Детские глаза, округляясь, не понимали. Удивлённо переглядывались: «Поздравить?.. С чем? Взрывом?“

Ликующий учитель продолжал:

– Нашей стране можно теперь позавидовать, – «монетки» ребячьих глаз всё более округлялись, – нам никакой враг не страшен теперь. У нас есть атомная бомба! Её только что испытали в Казахстане, под Семипалатинском, а слышно было даже у нас, потому что бомба обладает огромной разрушительной силой! Теперь никто больше не посмеет на нас напасть! Я вас поздравляю, ура!

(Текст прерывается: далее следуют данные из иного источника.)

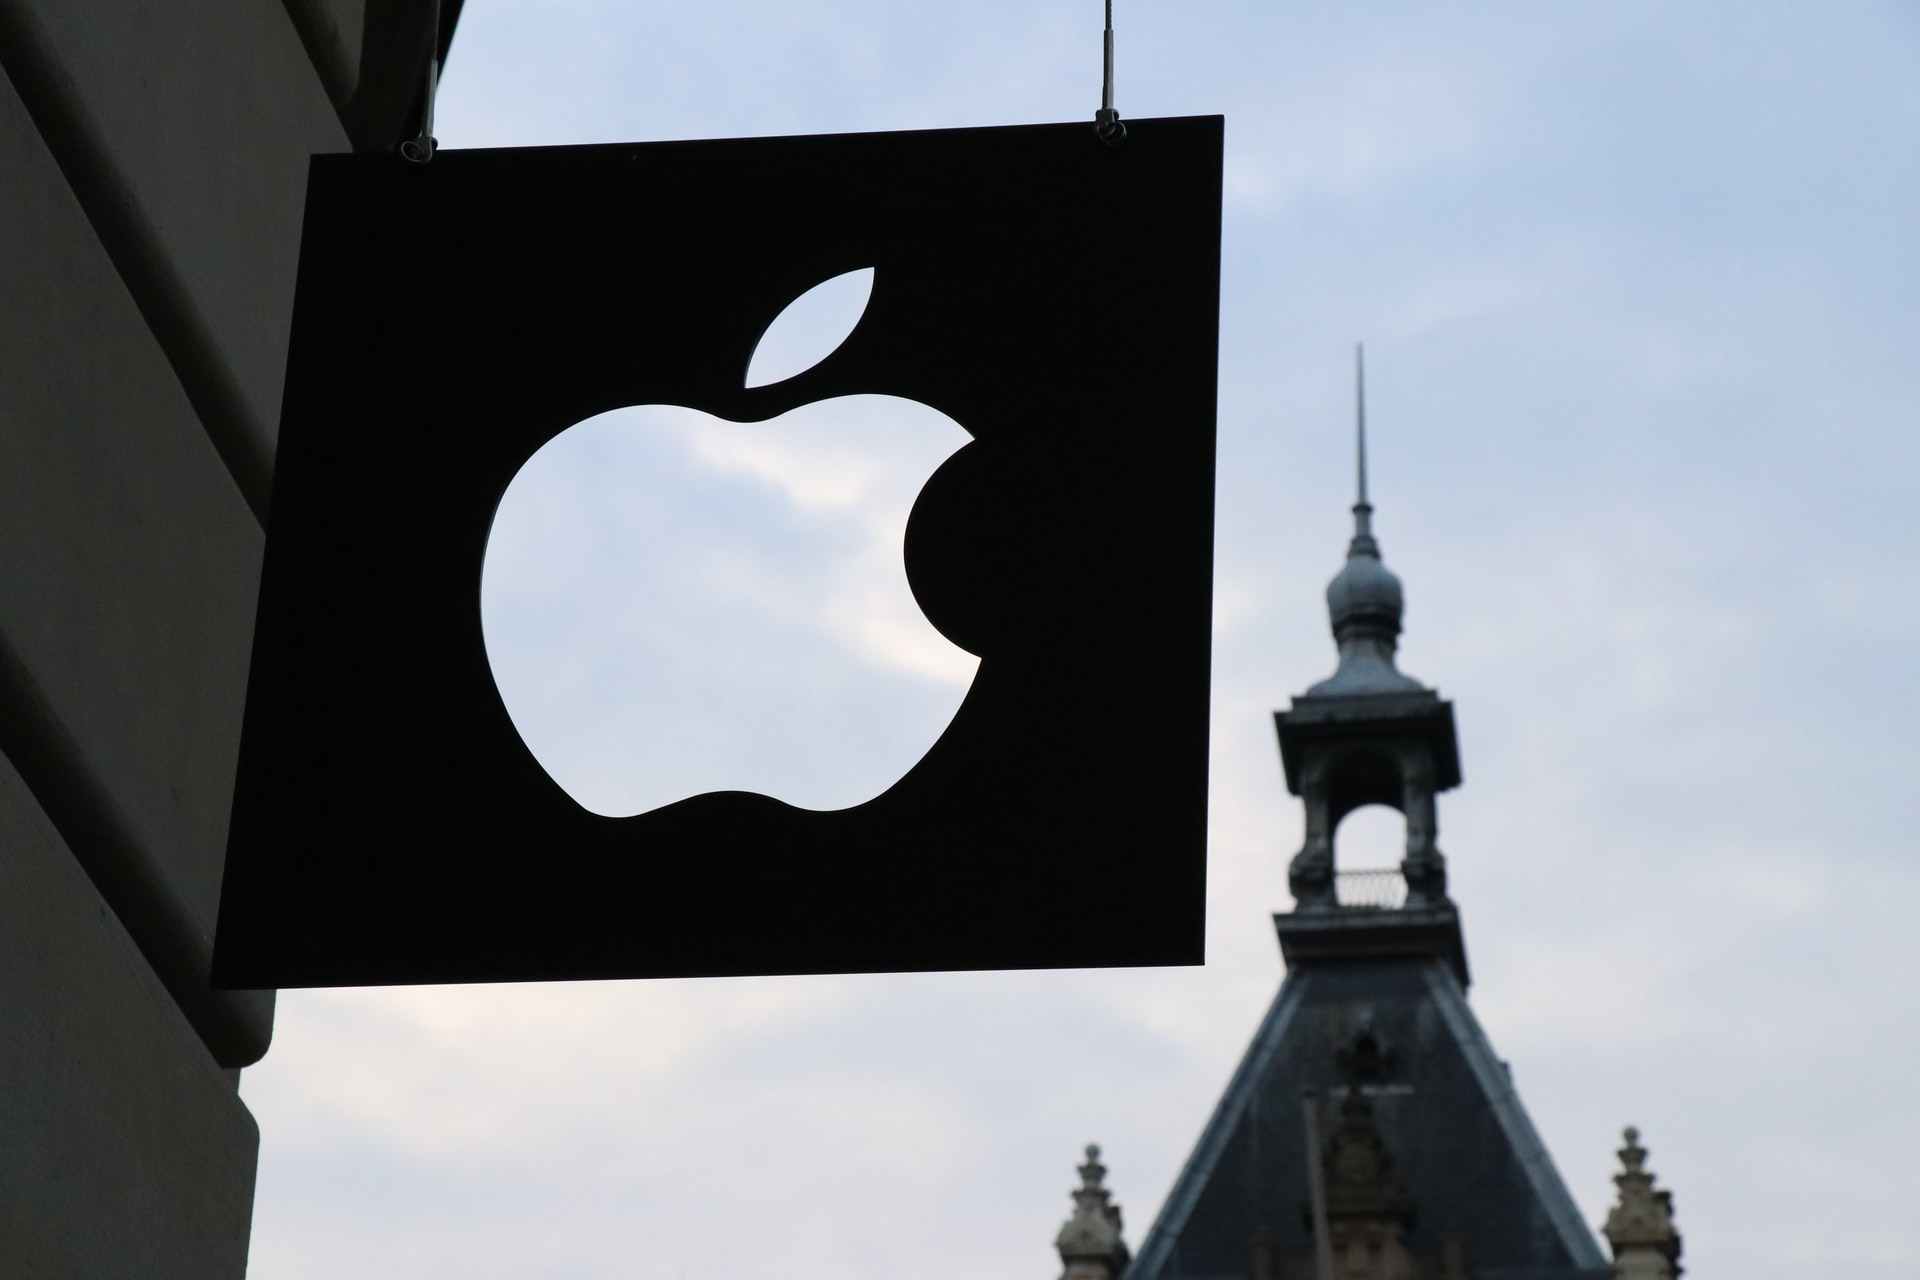 Apple faces a second EU antitrust complaint

– Ура-а-а! – заорали ученики, забыв про испуг.

Молчал лишь Буцура. Когда дети угомонились, он негромко произнёс:

– Жизнь человеческая коротка. Не убивать – беречь её надо! – и вышел из класса.

Учитель пожал плечами и проводил глазами доктора, слова которого выросшие дети вспоминали значительно позже – в зрелом уже возрасте.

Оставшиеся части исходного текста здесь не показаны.